[PATCH] Fix crash in int8_avg_combine().

From: Hadi Moshayedi <hadi(at)moshayedi(dot)net>
To: pgsql-hackers <pgsql-hackers(at)postgresql(dot)org>
Cc: Andres Freund <andres(at)citusdata(dot)com>, Ozgun Erdogan <ozgun(at)citusdata(dot)com>, Sumedh Pathak <sumedh(at)citusdata(dot)com>
Subject: [PATCH] Fix crash in int8_avg_combine().
Date: 2017-11-26 03:43:49
Message-ID: CAK=1=WpZLa3Z9txmqzX8ujzXnUHE7_-jWxJBr7d7be+-9Afw6w@mail.gmail.com
Views: Raw Message | Whole Thread | Download mbox | Resend email
Thread:
Lists: pgsql-hackers

While doing some tests on REL_10_STABLE, I was getting run-time exceptions
at int8_avg_combine() at the following line:

state1->sumX = state2->sumX;

After some debugging, I noticed that palloc()’s alignment is 8-bytes, while
this statement (which moves a __int128 from one memory location to another
memory location) expects 16-byte memory alignments.
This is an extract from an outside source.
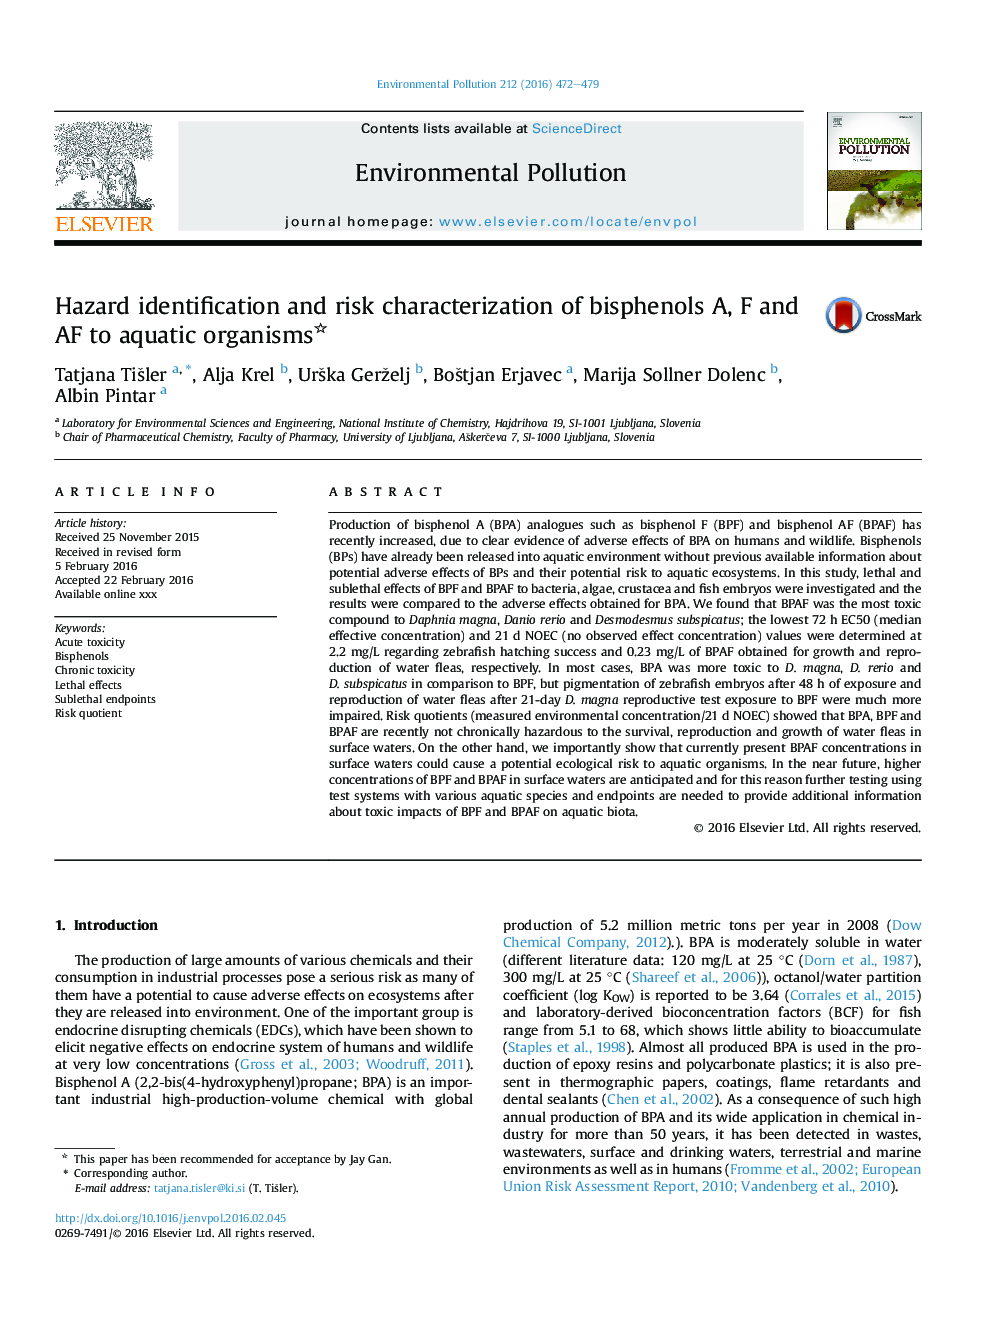 Hazard identification and risk characterization of bisphenols A, F and AF to aquatic organisms

So when either state1
or state2 is not 16-byte aligned, this crashes.

When I disassemble the code, the above statement is translated to a pair of
movdqa and movaps assignments when compiled with -O2:

movdqa c(%rdx), %xmm0
movaps %xmm0, c(%rcx)

Looking at “Intel 64 and IA-32 Architectures Software Developer’s Manual,
Volume 2”, both of these instructions expect 16-byte aligned memory
locations, or a general-protection exception will be generated.

I wasn’t getting the exception always. For example, the same query that
crashed in REL_10_STABLE didn’t crash in master. But I think that was just
lucky allocation, and we will eventually see cases of this crash in all
versions that use __int128 assignment in int8_avg_combine().

I’ve attached a patch which sets the MAXIMUM_ALIGNOF correctly when
__int128’s are available, so fixes the crash. This patch is on top of
REL_10_STABLE, which is the branch I was getting the crash at. I can create
patches for other branches if we think this is the proper change.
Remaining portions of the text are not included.